*** Opening of Collected data ***
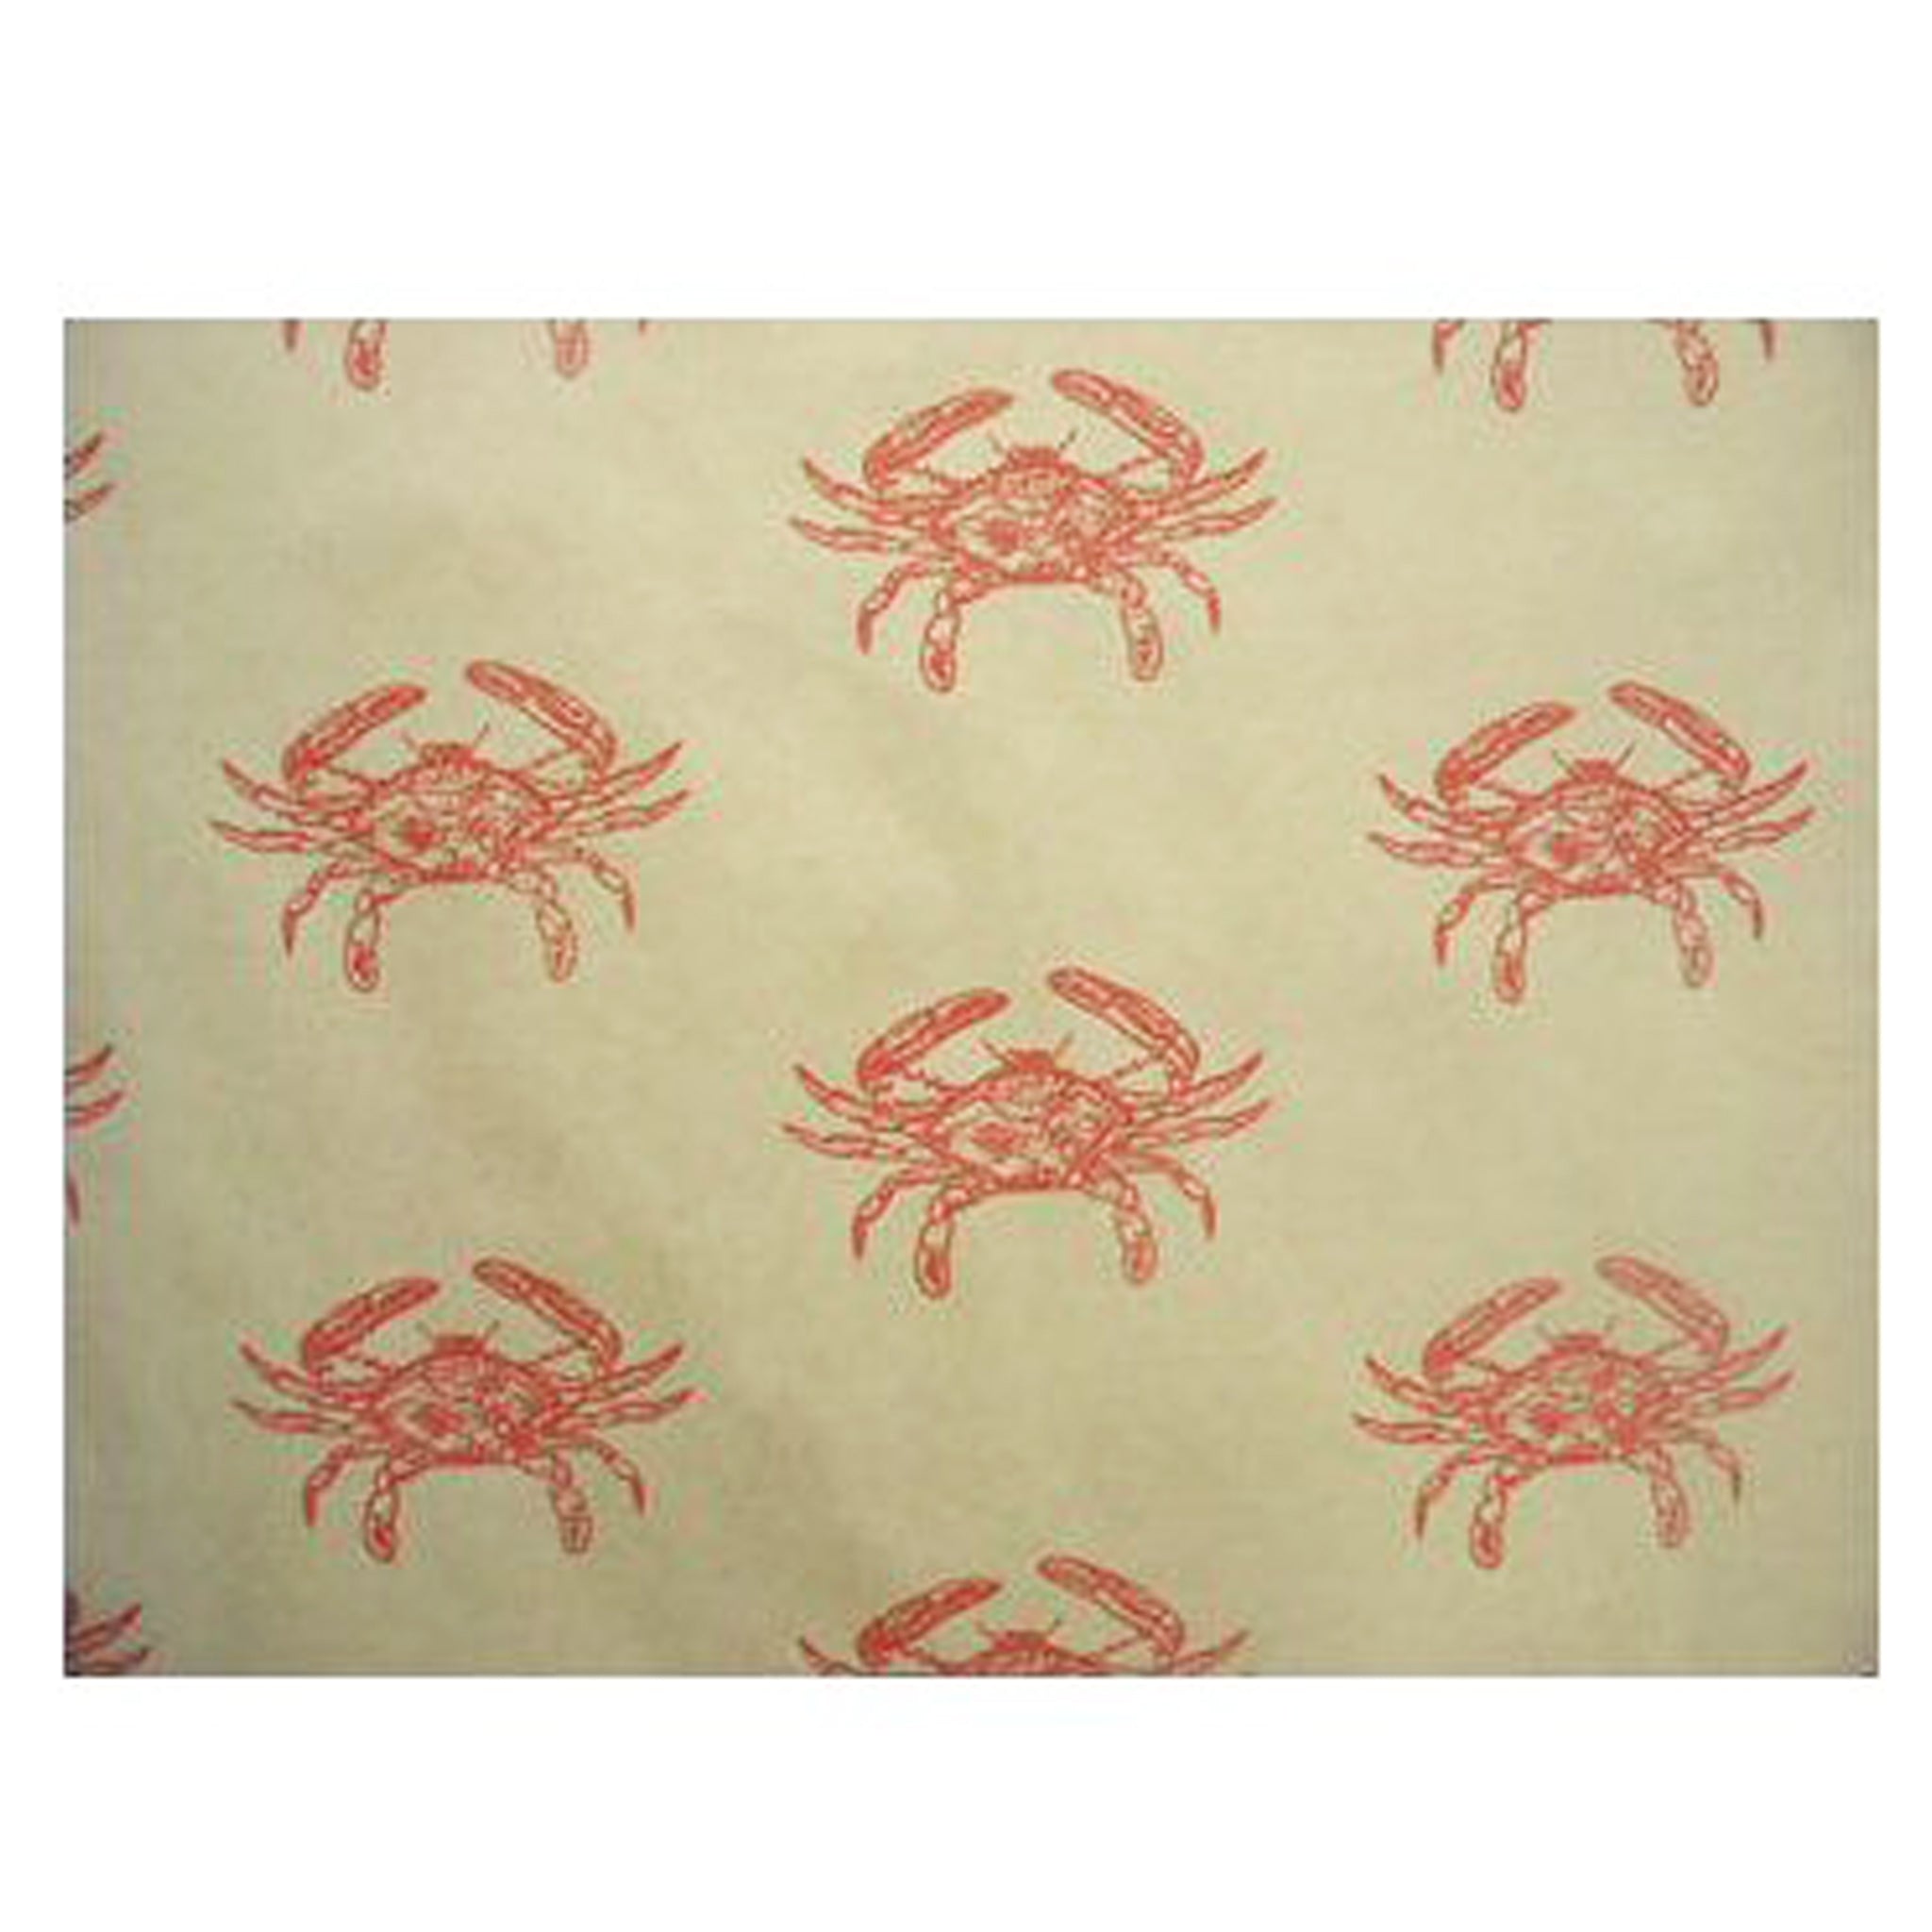  Bundle of 3 - Crab Tea Infuser, Crab N' Roll Paper
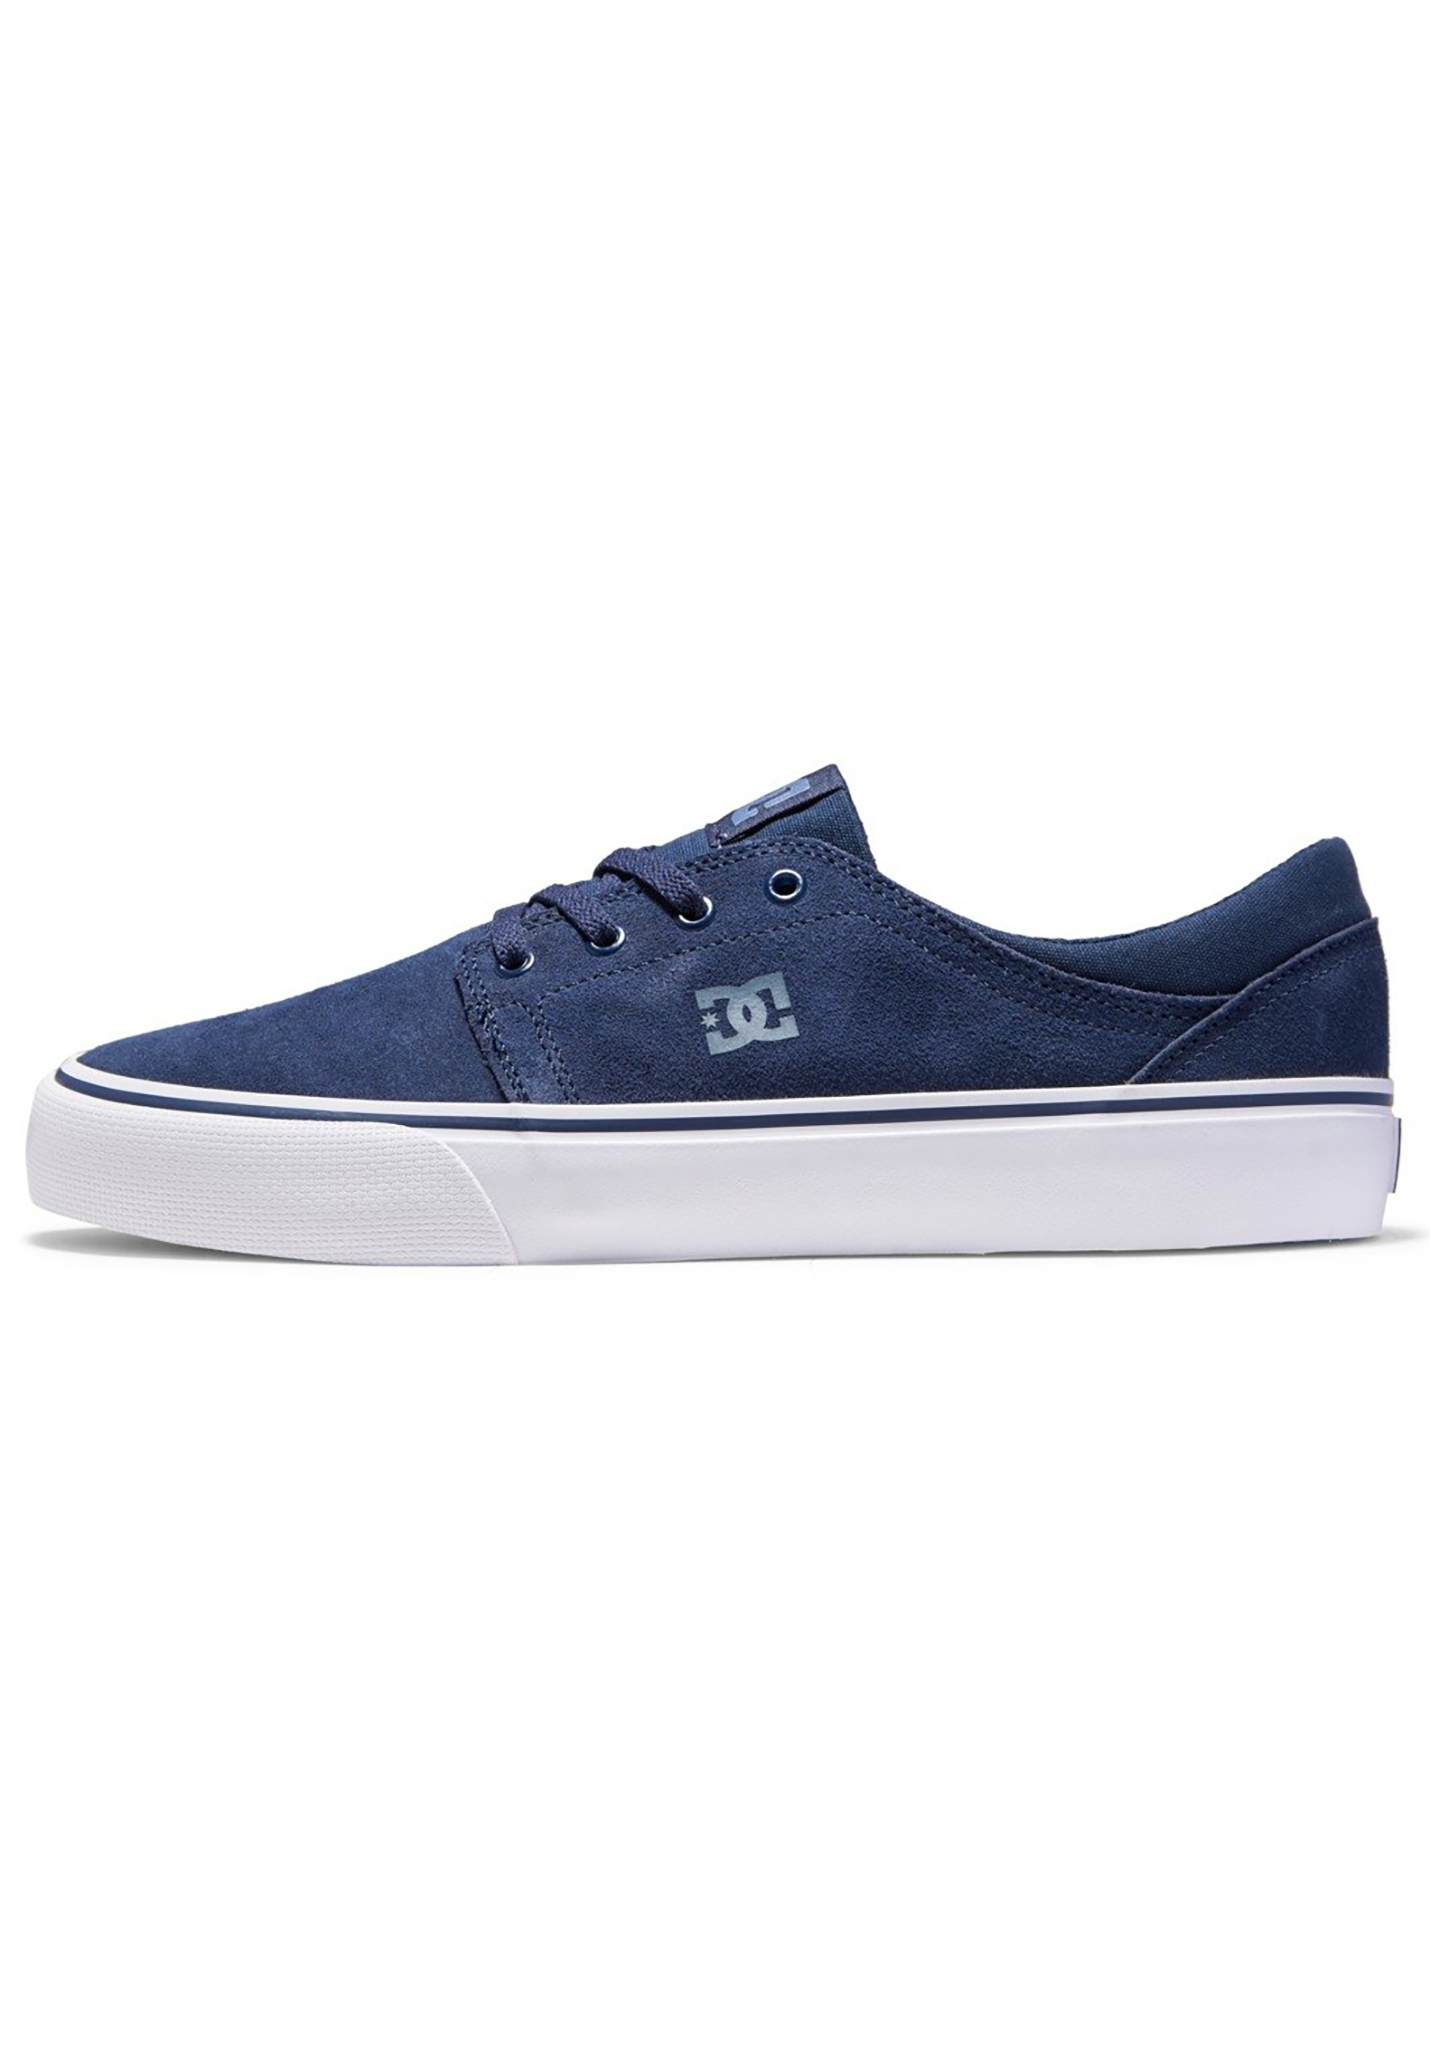 DC Trase Sneaker navy/blau/weiß 47
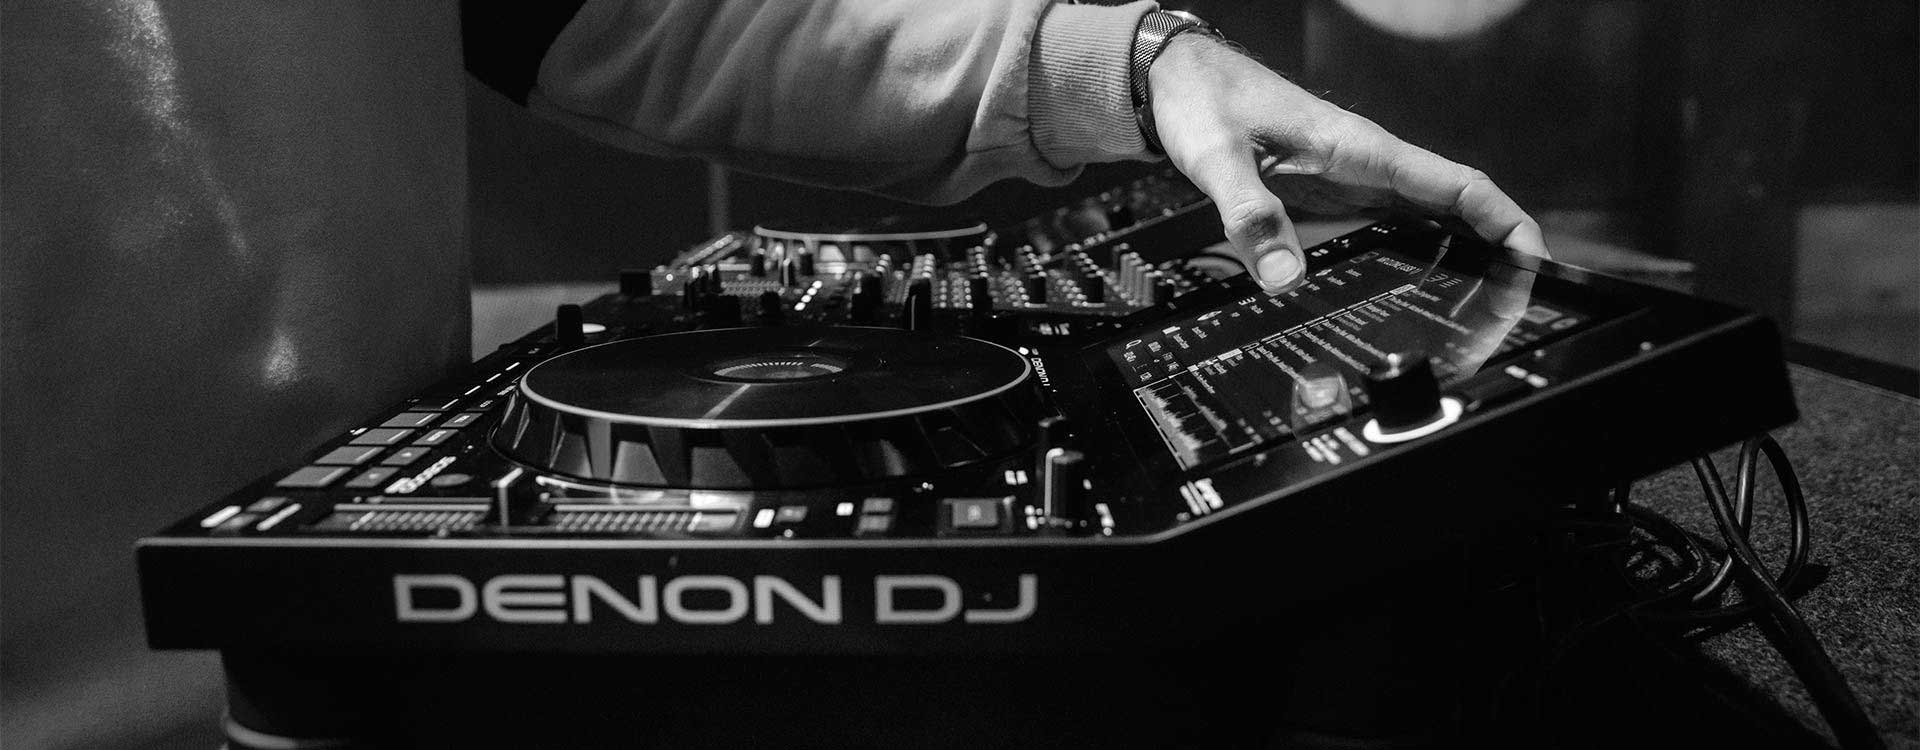 DENON DJ. Abraza el futuro - Siluj
*** Close of Collected data ***
▸ **Your assignment**
Could the data above be returned in full, exactly, with every image left out?

▸ **Exercise response**
  Bundle of 3 - Crab Tea Infuser, Crab N' Roll Paper
 DC Trase Sneaker navy/blau/weiß 47
 DENON DJ. Abraza el futuro - Siluj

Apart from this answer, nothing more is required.